I'll be spending a lot of time up there this year since I have a limited entry archery elk hunt. PM me when it gets closer to the hunt and I might have some good info for you.


----------



## emoeck (May 17, 2019)

Thanks Gunner, we should be able to get one scouting trip in before season. I'll PM you prior to season.


----------



## emoeck (May 17, 2019)

Hey, we will be bringing a small 18' travel trailer on the hunt. Anyone have any suggestions for good camping areas?


----------



## Critter (Mar 20, 2010)

There are camping spots all over, it is also a large unit. 

I would camp in a centrally located area where you can check out both north and south. There is a possibility that you will not be able to drive the whole Skyline Drive road until August due to the snow levels up there.

For me I would pull the trailer up Ferron Canyon and then park it where the road forks and goes to Ferron Reservoir or Wrigley Reservoir. Take a ride up the roads and then decided if you want to go elsewhere.


----------



## emoeck (May 17, 2019)

Thanks Critter, by the way we love to fish. How’s the fishing and where?


----------



## Critter (Mar 20, 2010)

It has been quite a while since I have been up there but Ferron Reservoir used to be great. Then down the road to the north is Duck Fork, but it is artificial lures only. Just up from the intersection that I mentioned is Wrigley Reservoir. 

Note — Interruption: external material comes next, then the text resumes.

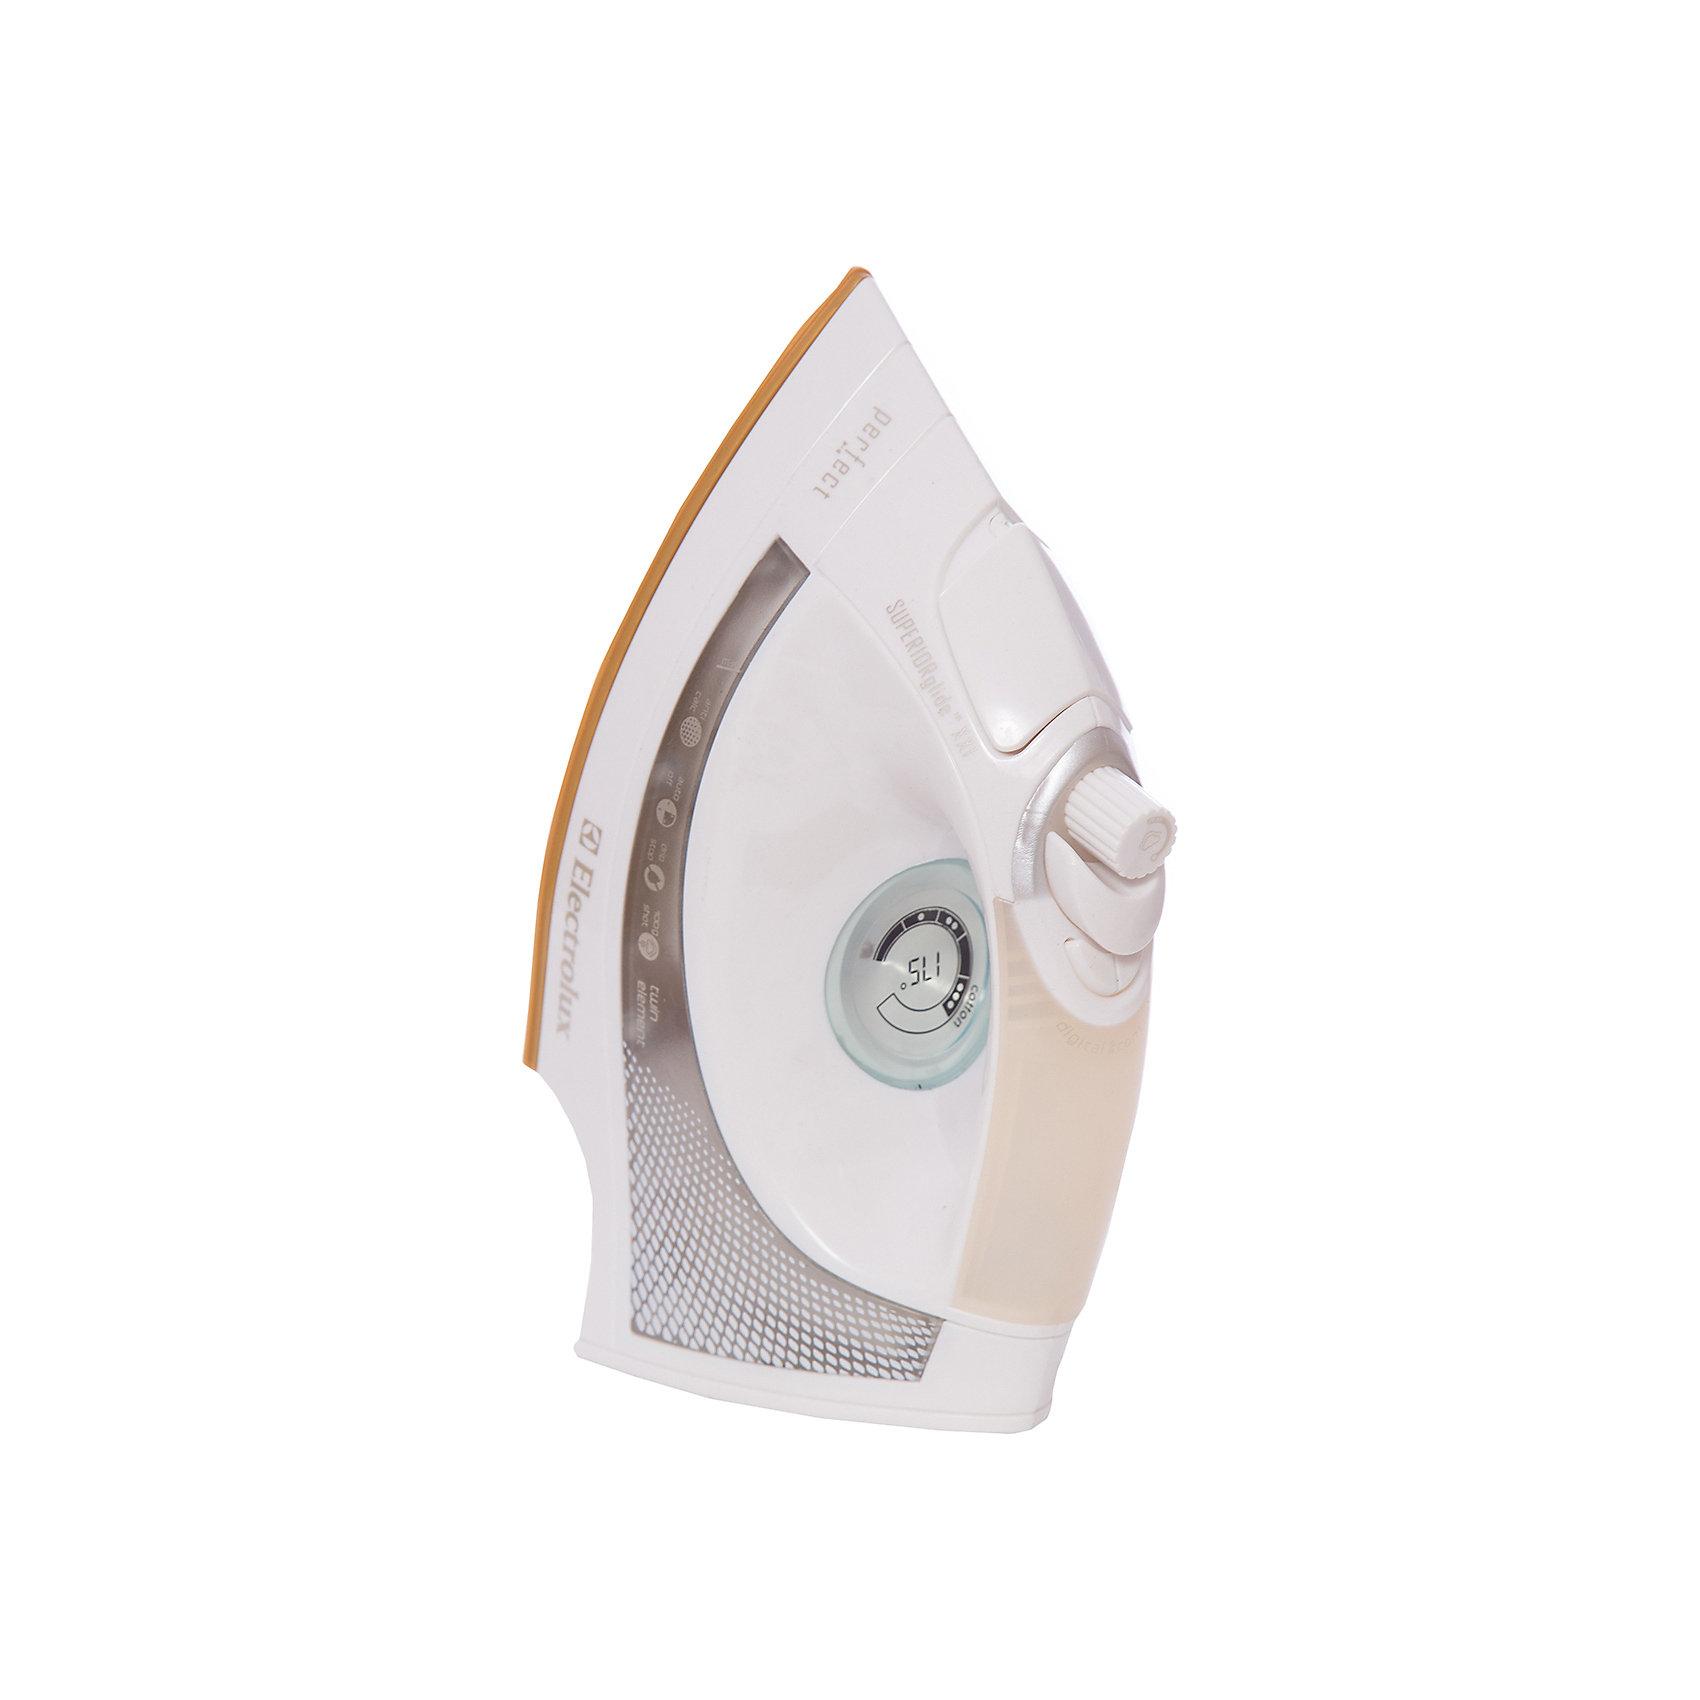 klein klein Утюг Electrolux klein игрушка тостер electrolux klein

Another road you can look at is ST HWY 31 from Huntington to Fairview, this is a paved road. At the top of it you have a few ponds with fish in them. Electric Lake, Huntington and Cleveland Reservoir and then down the road past Cleveland Reservoir is Millers Flat. Lots of places to catch a few trout.


----------



## RandomElk16 (Sep 17, 2013)

Sometimes first posters get shamed...

Other times, we try and draw an entire unit bush by bush and tell them everything lol.


----------



## ridgetop (Sep 13, 2007)

I'll be down there this summer and fall looking for a 340"+ bull for the muzzy hunt.
I'll let you know what kind of deer I see.


----------



## KineKilla (Jan 28, 2011)

ridgetop said:


> I'll be down there this summer and fall looking for a 340"+ bull for the muzzy hunt.
> I'll let you know what kind of deer I see.


You probably don't need the help but I'll keep an eye out for ya just in case. Usually some very nice bulls where I hunt.

Have yet to find any impressive deer on the unit after 5 years hunting it but I know they are there somewhere. I'll keep an eye out for those as well.


----------



## ridgetop (Sep 13, 2007)

KineKilla said:


> You probably don't need the help but I'll keep an eye out for ya just in case. Usually some very nice bulls where I hunt.
> 
> Have yet to find any impressive deer on the unit after 5 years hunting it but I know they are there somewhere. I'll keep an eye out for those as well.


I'll take all the help anyone's will the give. Bring it on.


----------



## Schleppy (Jul 16, 2008)

I’ll be up there also with an archery deer and elk tag in my pocket. Should be a fun time...really looking forward to it. Hoping the snow stops and starts to melt...


----------



## RemingtonCountry (Feb 17, 2016)

Schleppy, Schleppy, Schleppy... Let it snow! Water was hurtin the last couple of years, this moisture should be good for all animals! It'll be off by mid-late June..


----------



## Schleppy (Jul 16, 2008)

We’d be better off stringing a couple of these years together than getting any more this year, but I get your point...Think mid June and even late might be optimistic looking at the current snow packs. One station I’m looking at is 530% of normal.


----------



## brendo (Sep 10, 2013)

KineKilla said:


> ridgetop said:
> 
> 
> > I'll be down there this summer and fall looking for a 340"+ bull for the muzzy hunt.
> ...


They are there keep looking! Last year was one of the best for us we saw a lot of nice deer. a couple of them got harvested but hopefully a few made it through. The harvest picture is from a few years ago. we scouted the canyon it was taken in close to ten times that year and never saw this buck. I know the guy who ended up taking him it's pretty crazy how well they can hide!


----------



## JuddCT (Sep 7, 2007)

There are no big deer on the Manti. 

Sent from my iPhone using Tapatalk


----------



## emoeck (May 17, 2019)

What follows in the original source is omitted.